═══ DATA PROVIDED

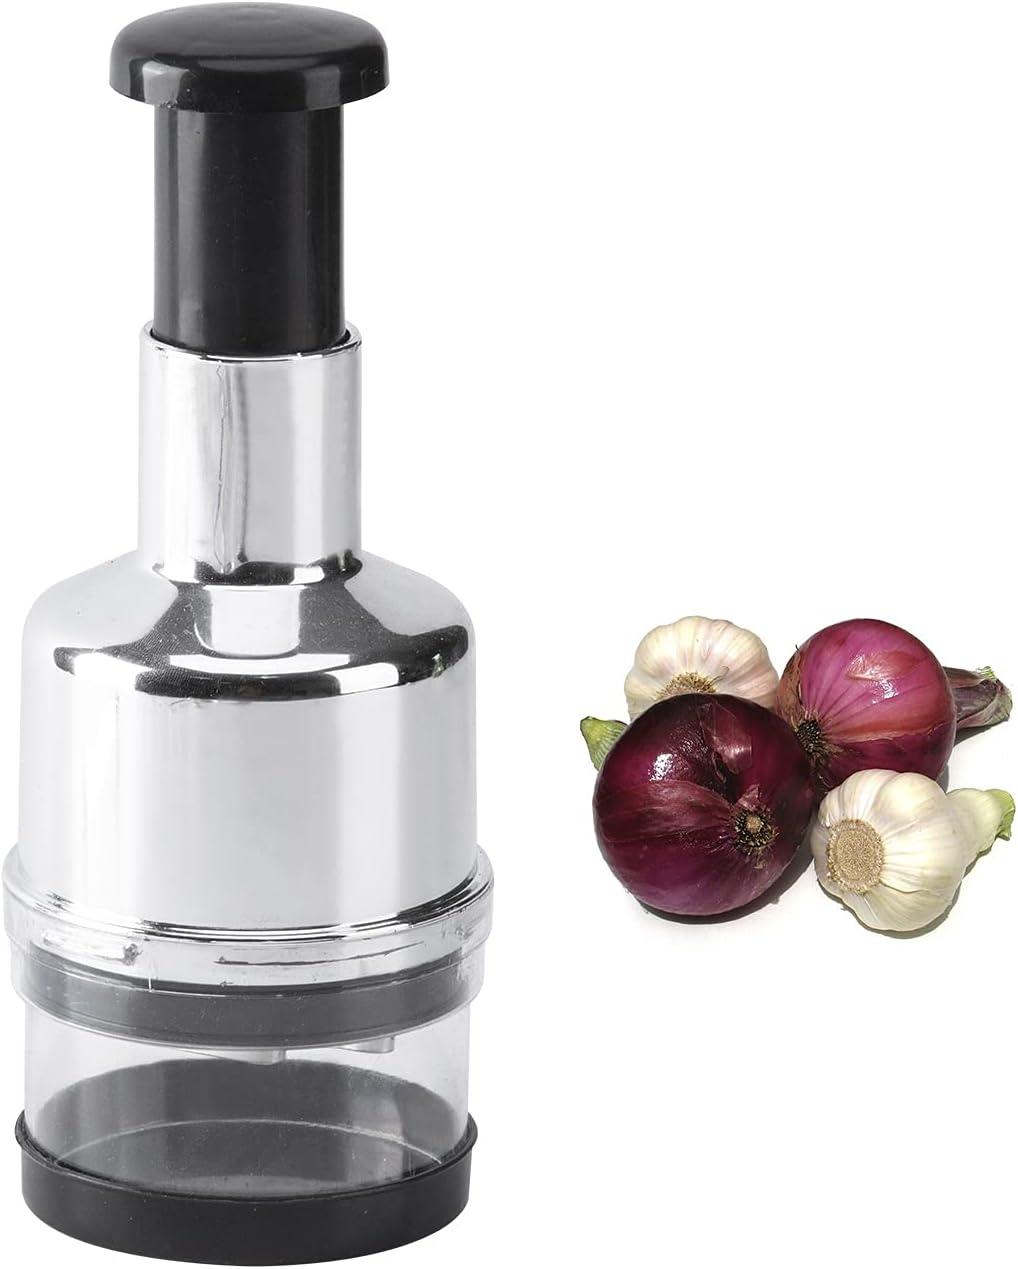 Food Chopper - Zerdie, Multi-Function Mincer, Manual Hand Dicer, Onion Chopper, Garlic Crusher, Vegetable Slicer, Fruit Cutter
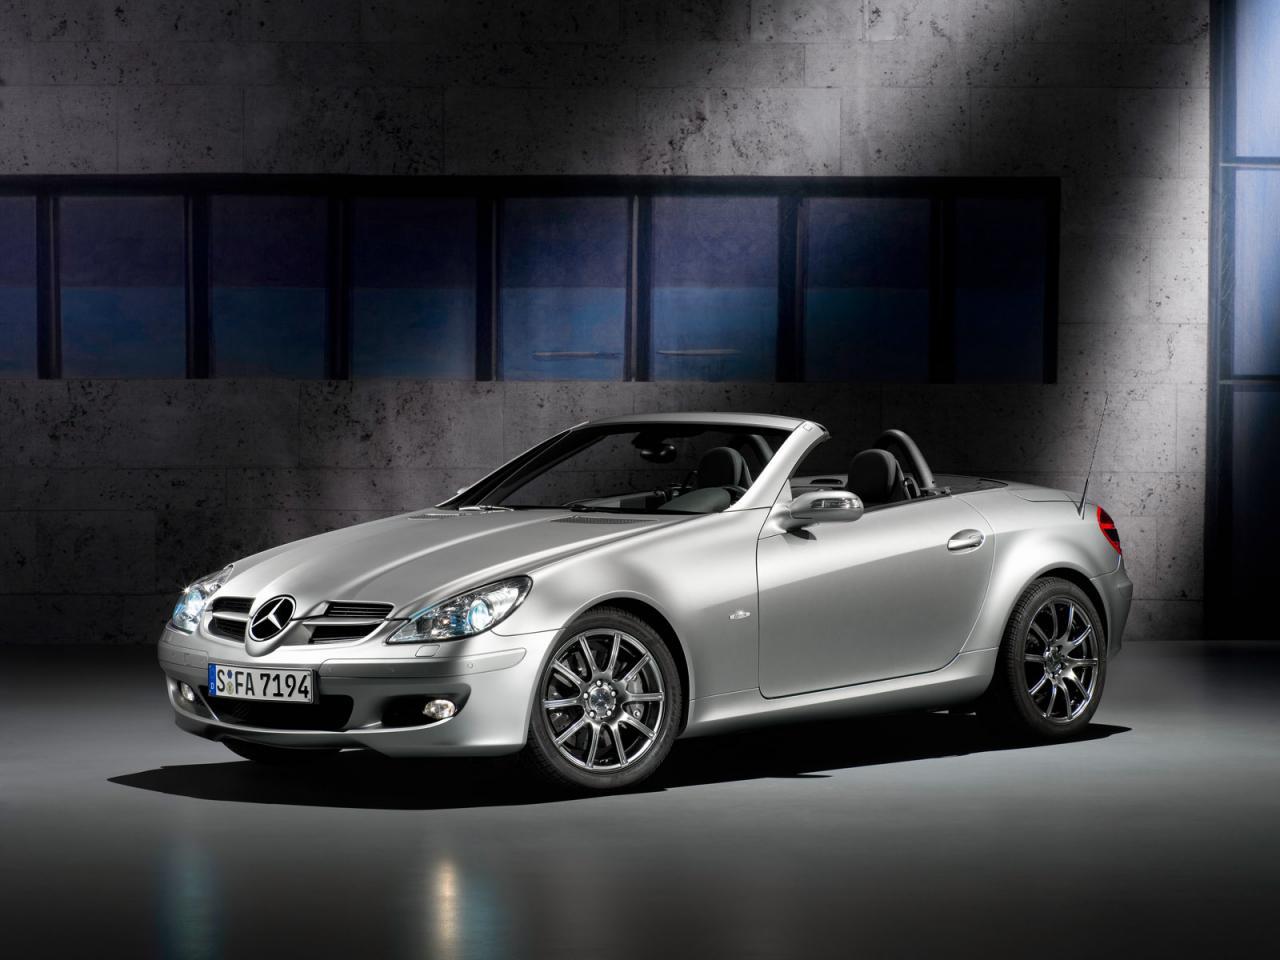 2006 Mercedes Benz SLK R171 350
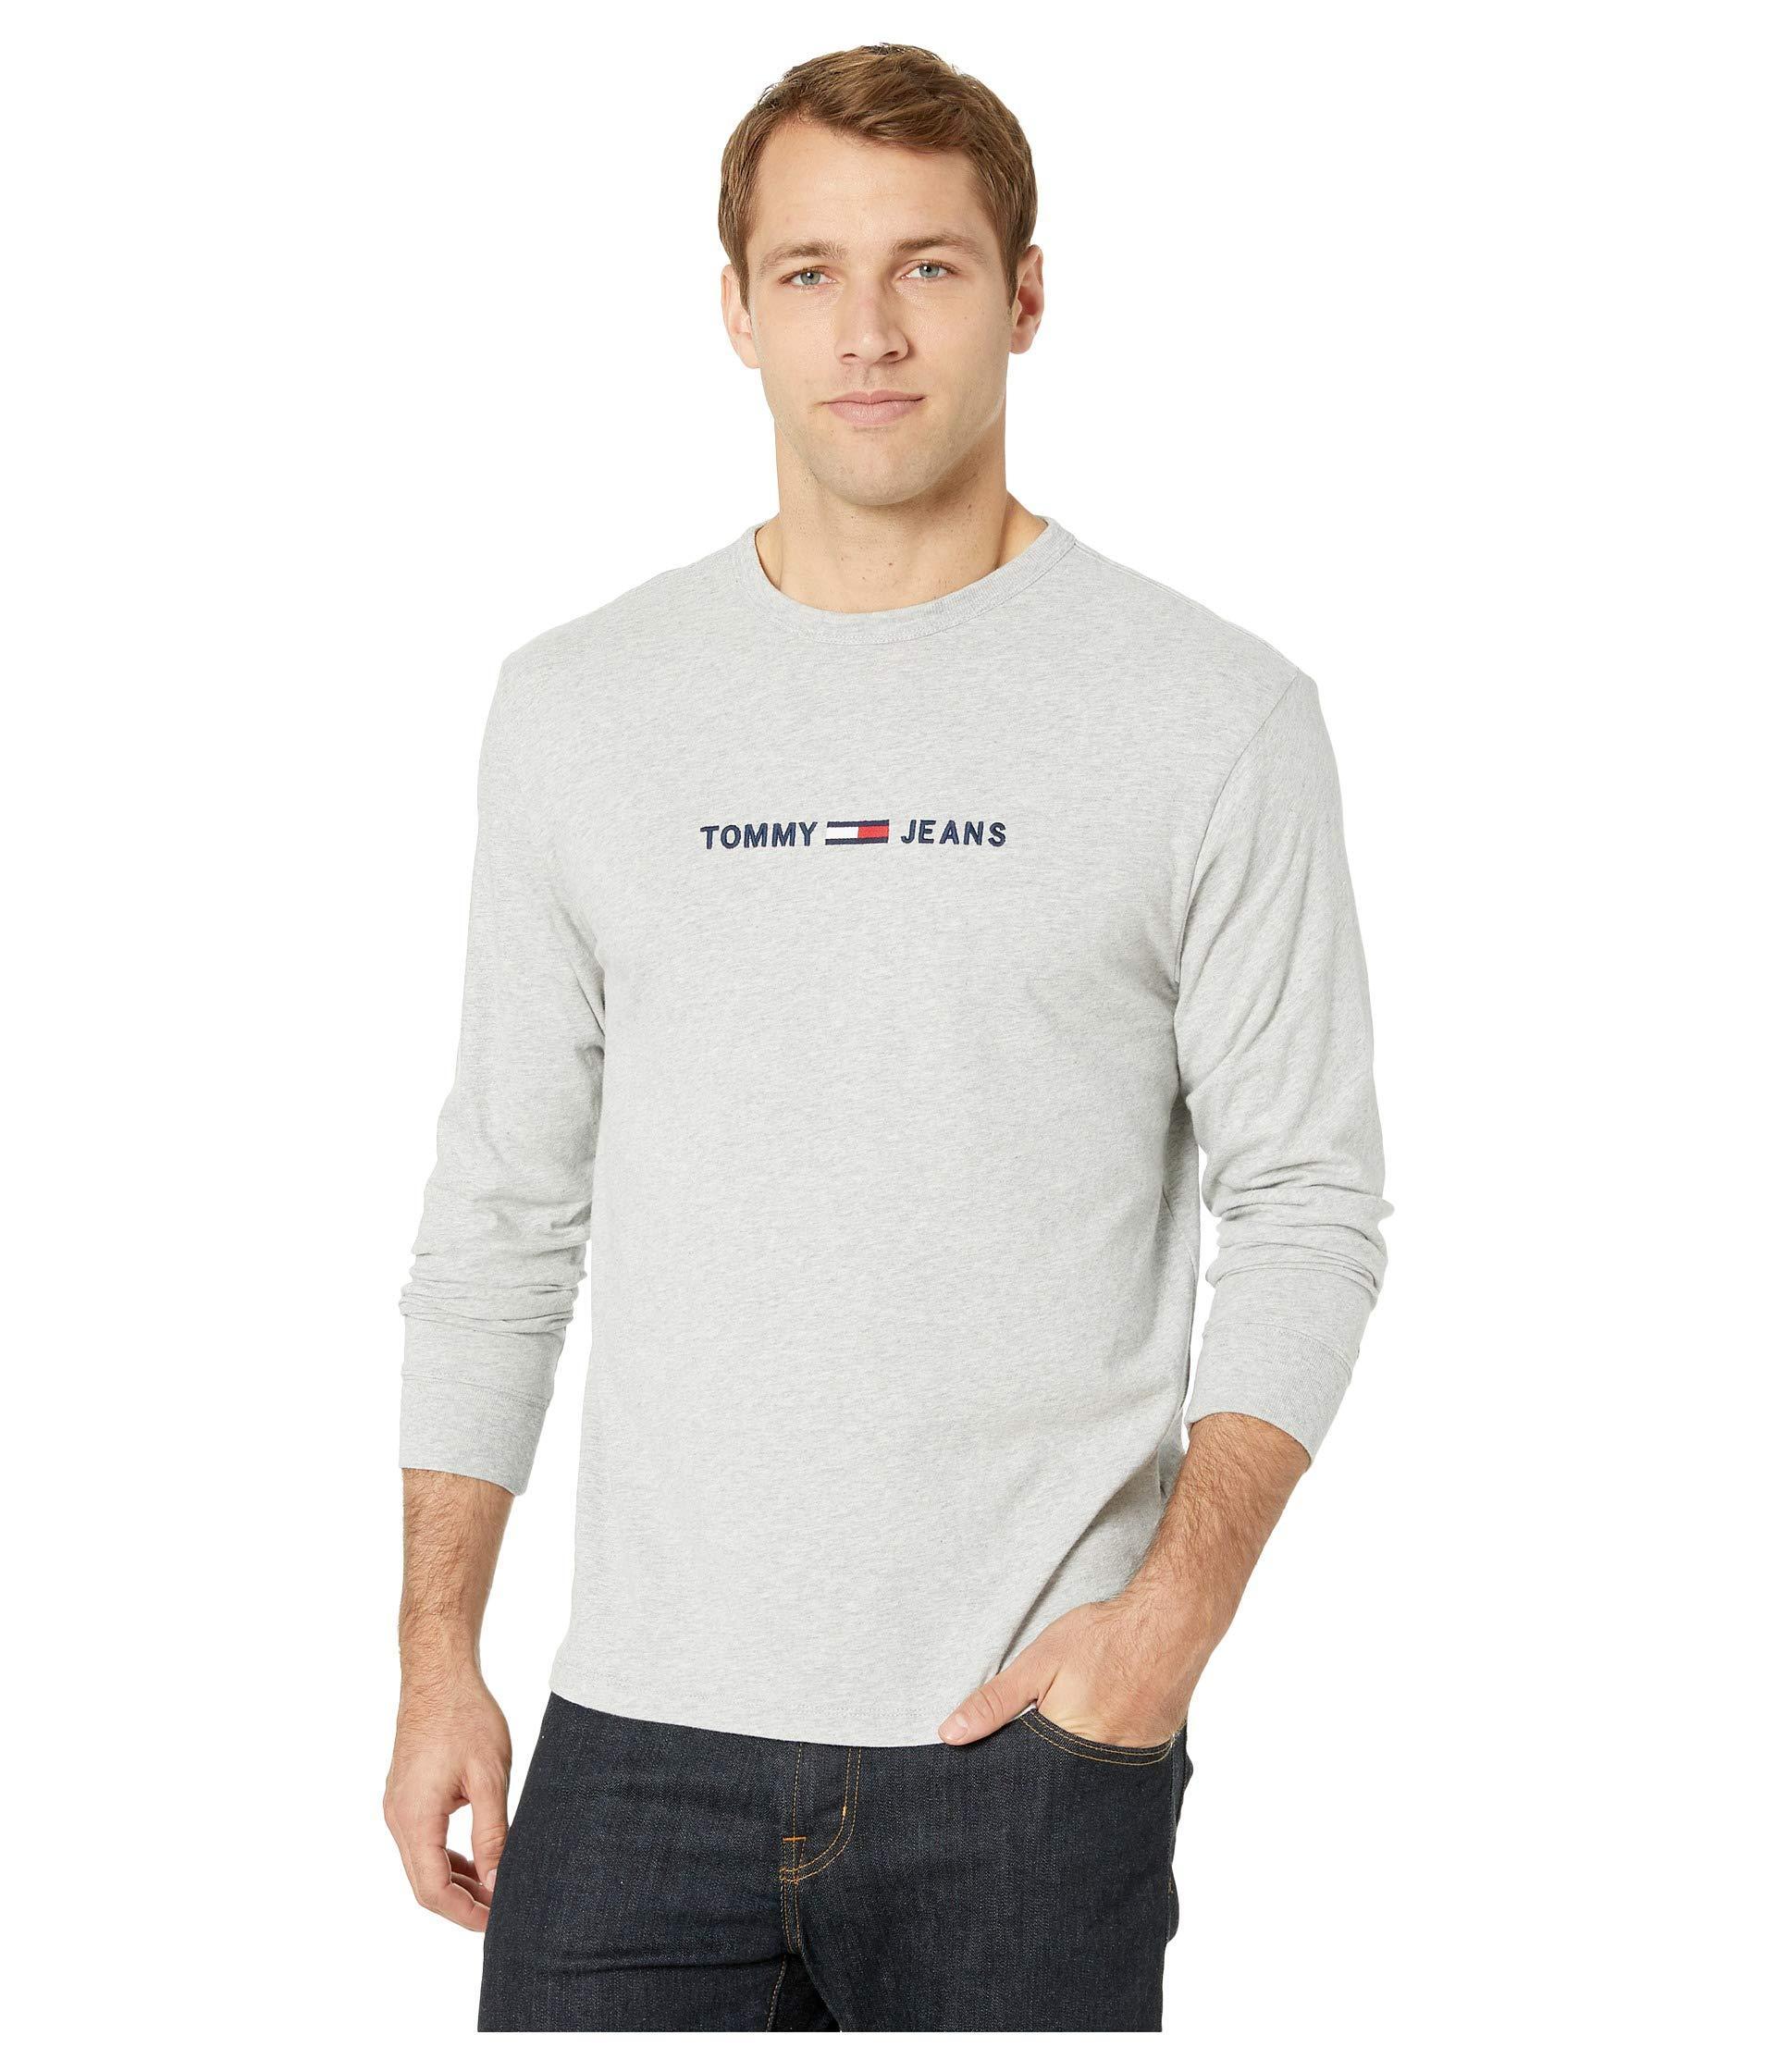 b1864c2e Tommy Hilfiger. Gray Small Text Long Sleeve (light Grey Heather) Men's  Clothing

══════

WHAT IS EXPECTED
The lines from the one that contains "2006 Mercedes Benz SLK R171 350" through the end of the data, repeated exactly and with no pictures, make up the whole answer.

OUTPUT FOR THIS TASK
 2006 Mercedes Benz SLK R171 350
 b1864c2e Tommy Hilfiger. Gray Small Text Long Sleeve (light Grey Heather) Men's  Clothing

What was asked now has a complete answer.